Requirement »
Word for word, transcribe the listing that follows, minus any pictures.

Data block »
• • • • • • •

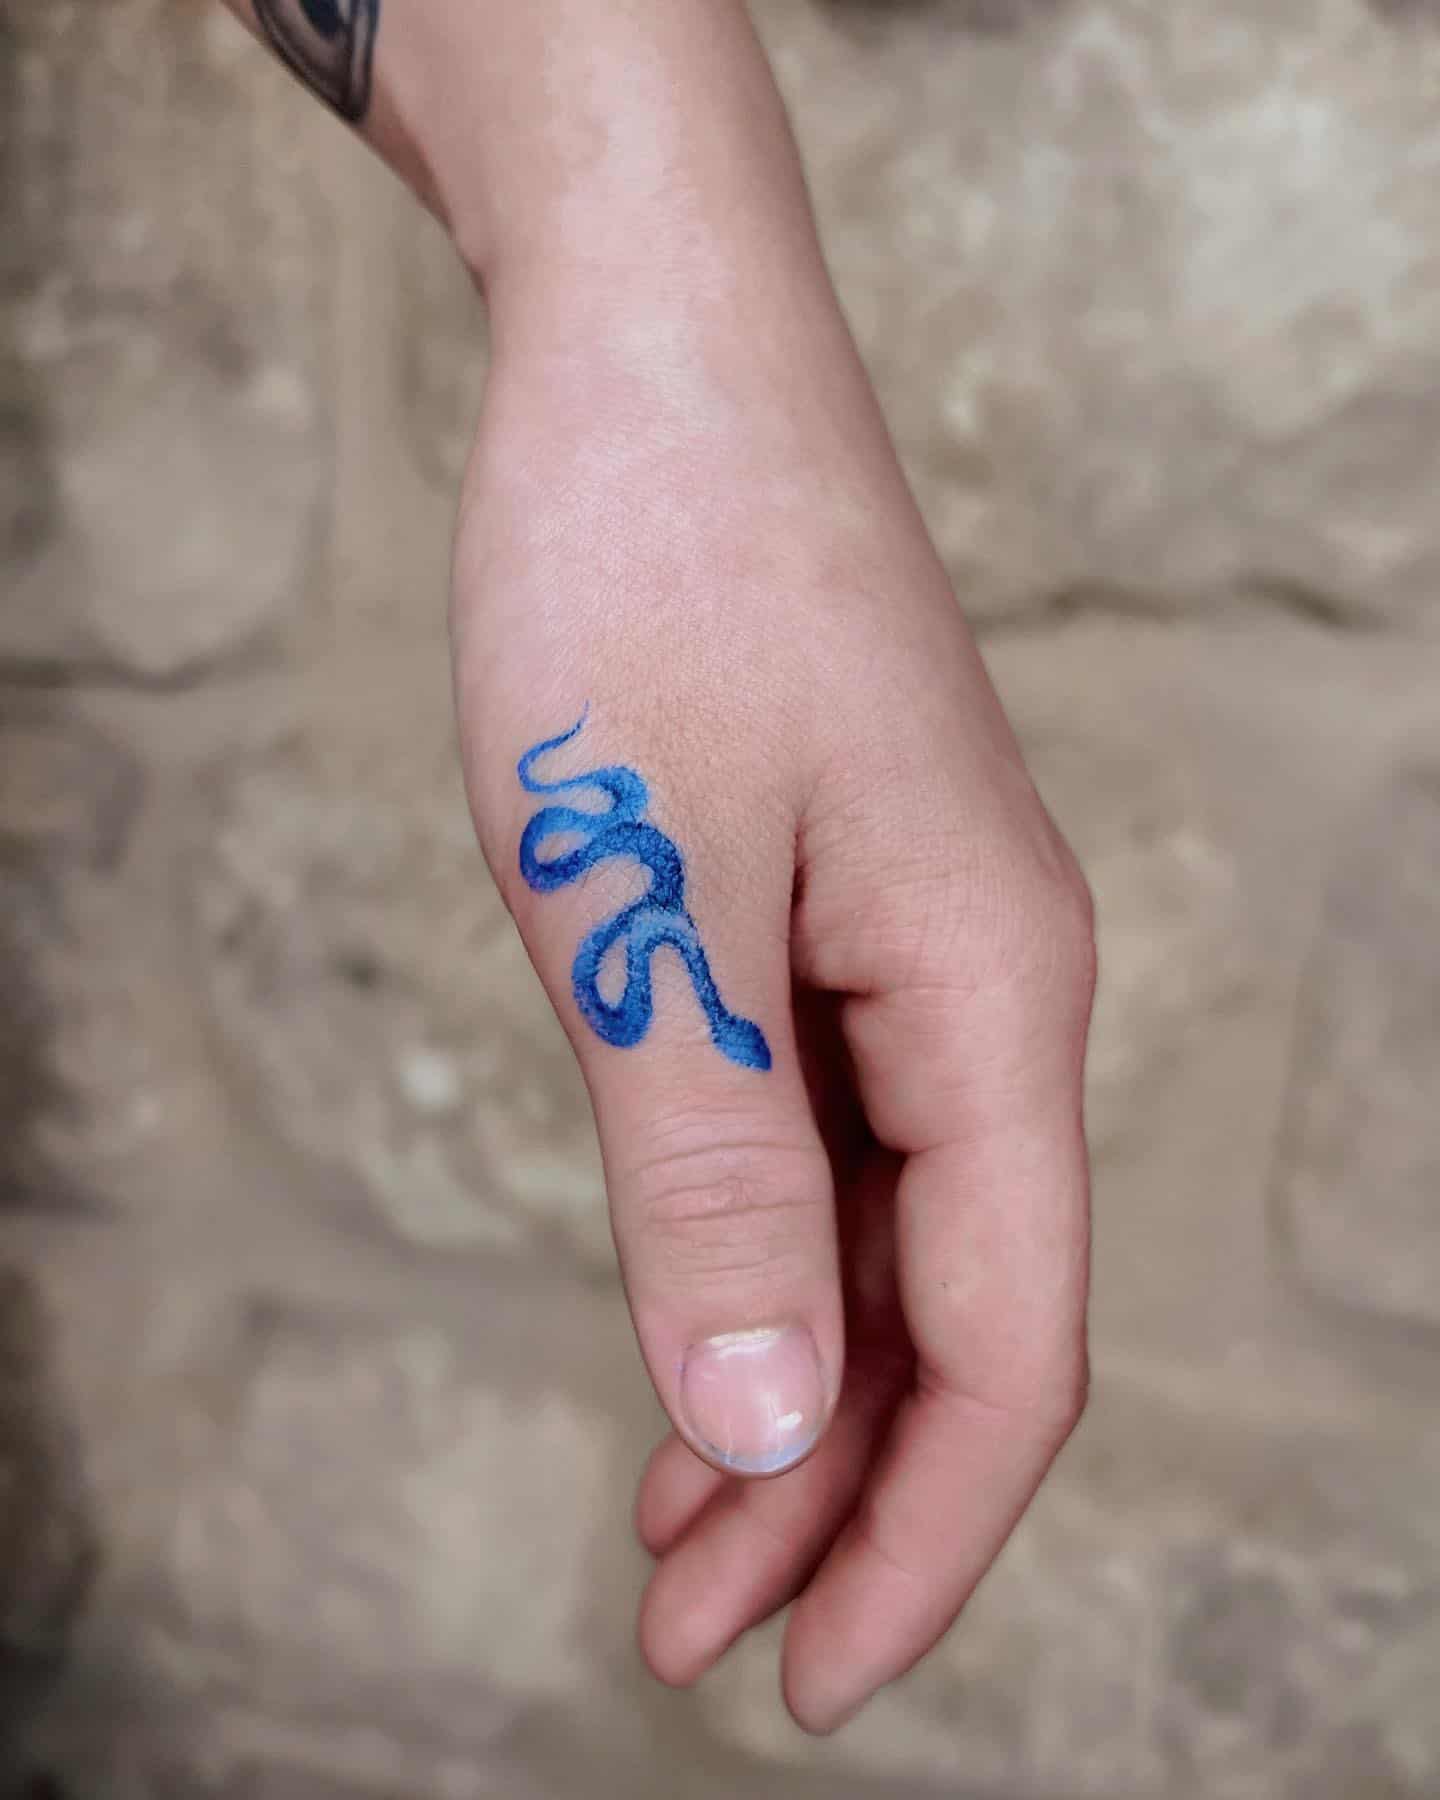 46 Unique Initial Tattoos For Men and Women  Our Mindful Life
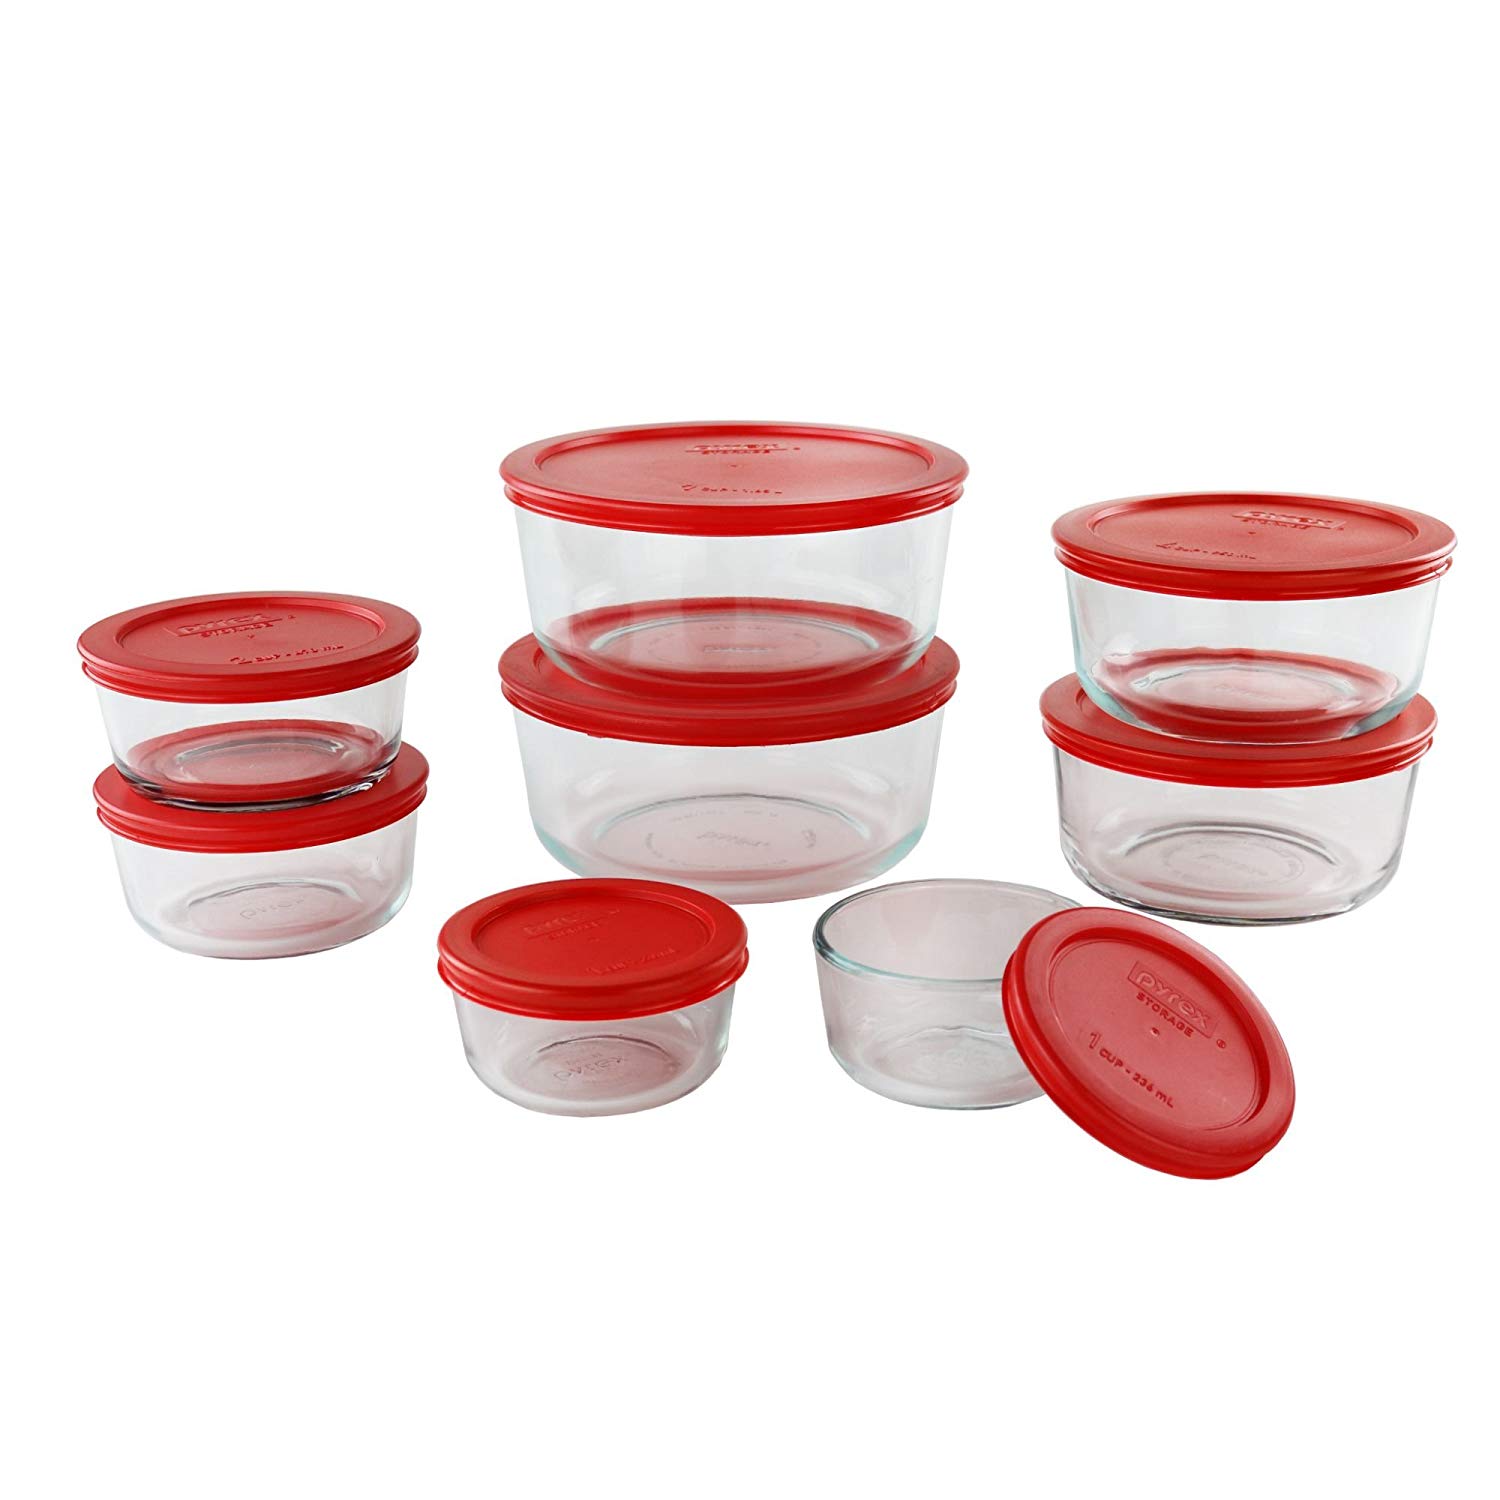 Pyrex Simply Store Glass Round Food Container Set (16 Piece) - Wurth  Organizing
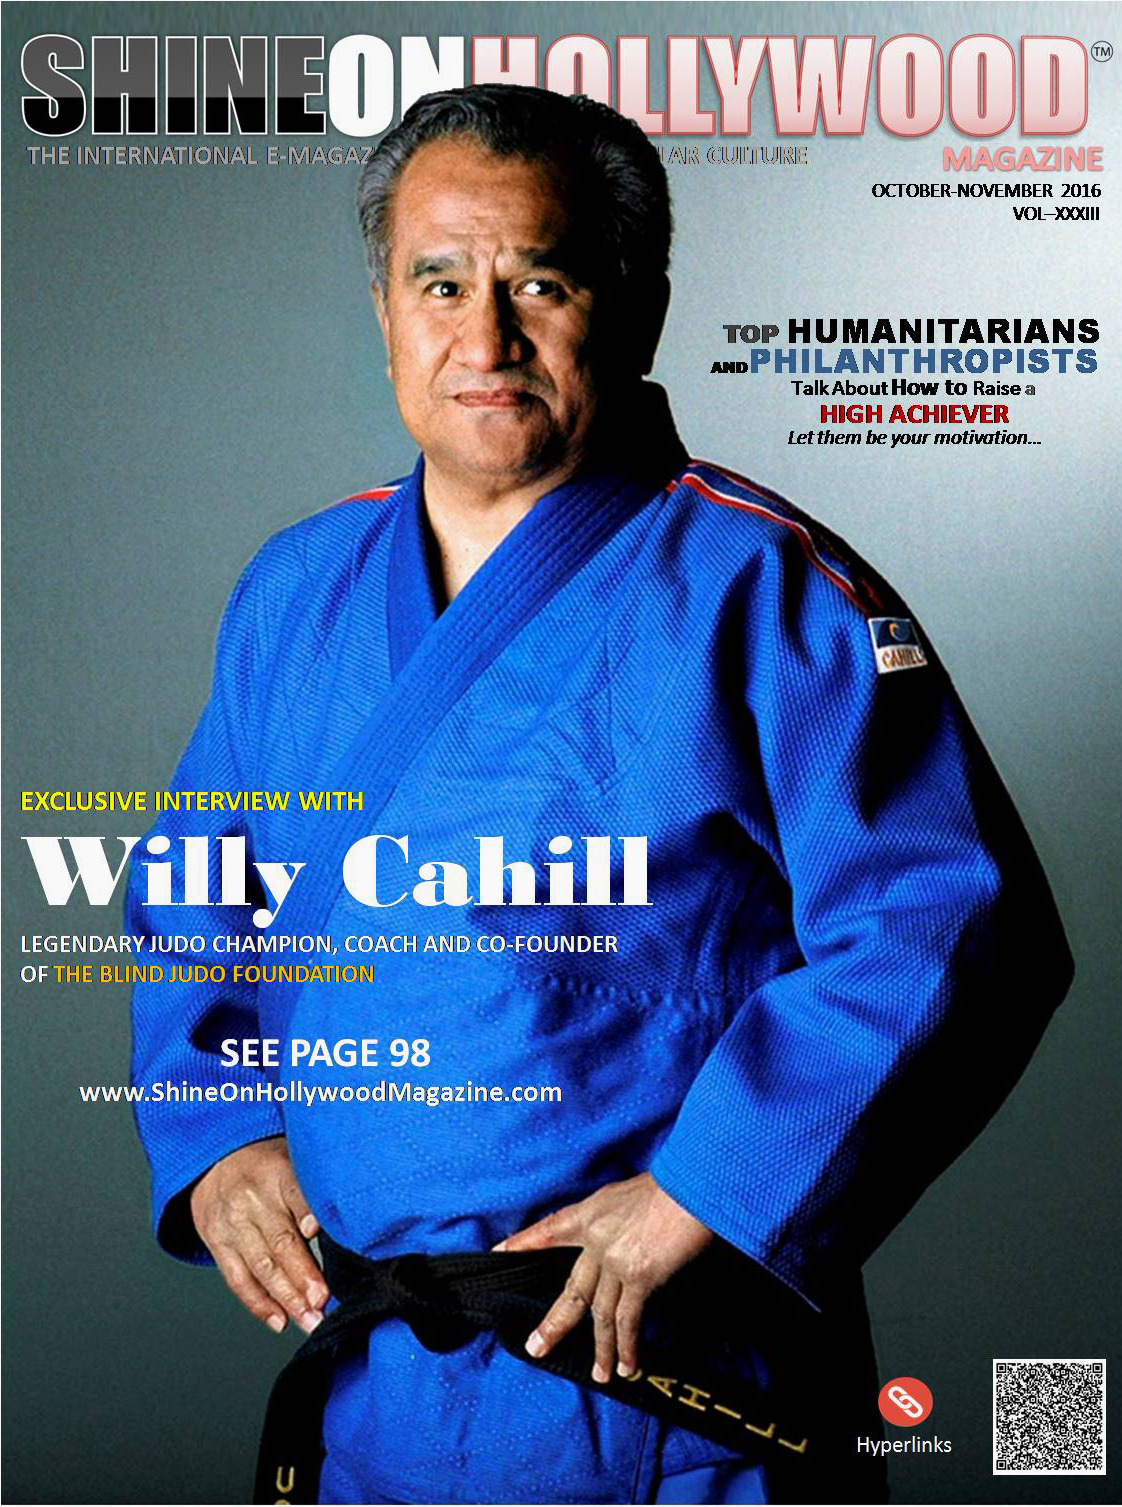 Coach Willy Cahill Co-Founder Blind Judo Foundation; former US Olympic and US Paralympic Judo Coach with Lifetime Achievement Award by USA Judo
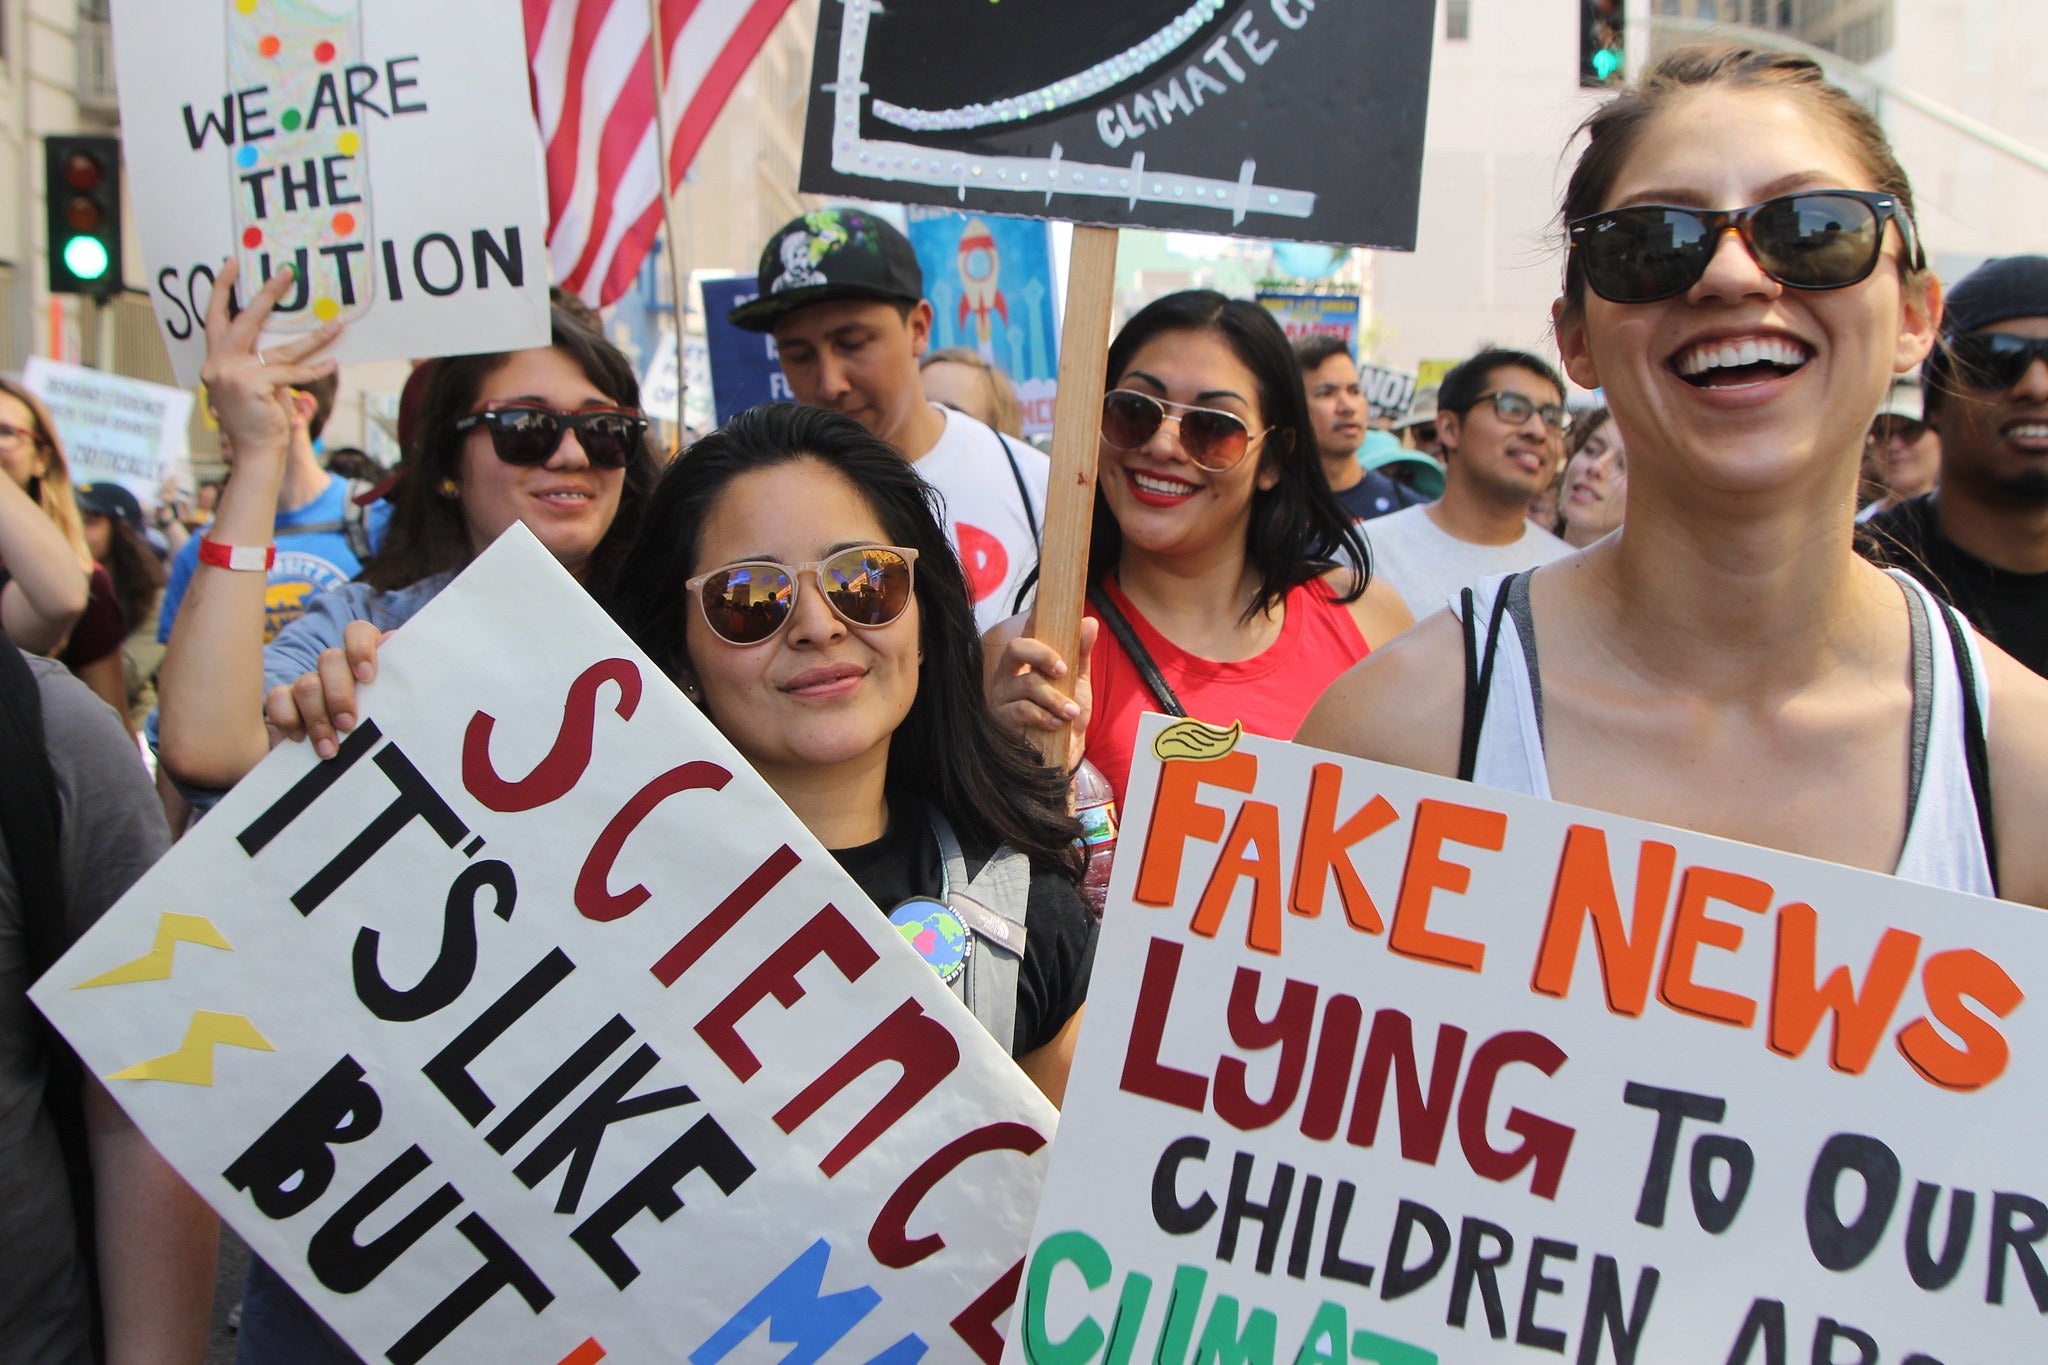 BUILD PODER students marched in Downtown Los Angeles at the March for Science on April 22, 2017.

• • • • • • •

Response to the exercise »
 46 Unique Initial Tattoos For Men and Women  Our Mindful Life
 Pyrex Simply Store Glass Round Food Container Set (16 Piece) - Wurth  Organizing
 Coach Willy Cahill Co-Founder Blind Judo Foundation; former US Olympic and US Paralympic Judo Coach with Lifetime Achievement Award by USA Judo
 BUILD PODER students marched in Downtown Los Angeles at the March for Science on April 22, 2017.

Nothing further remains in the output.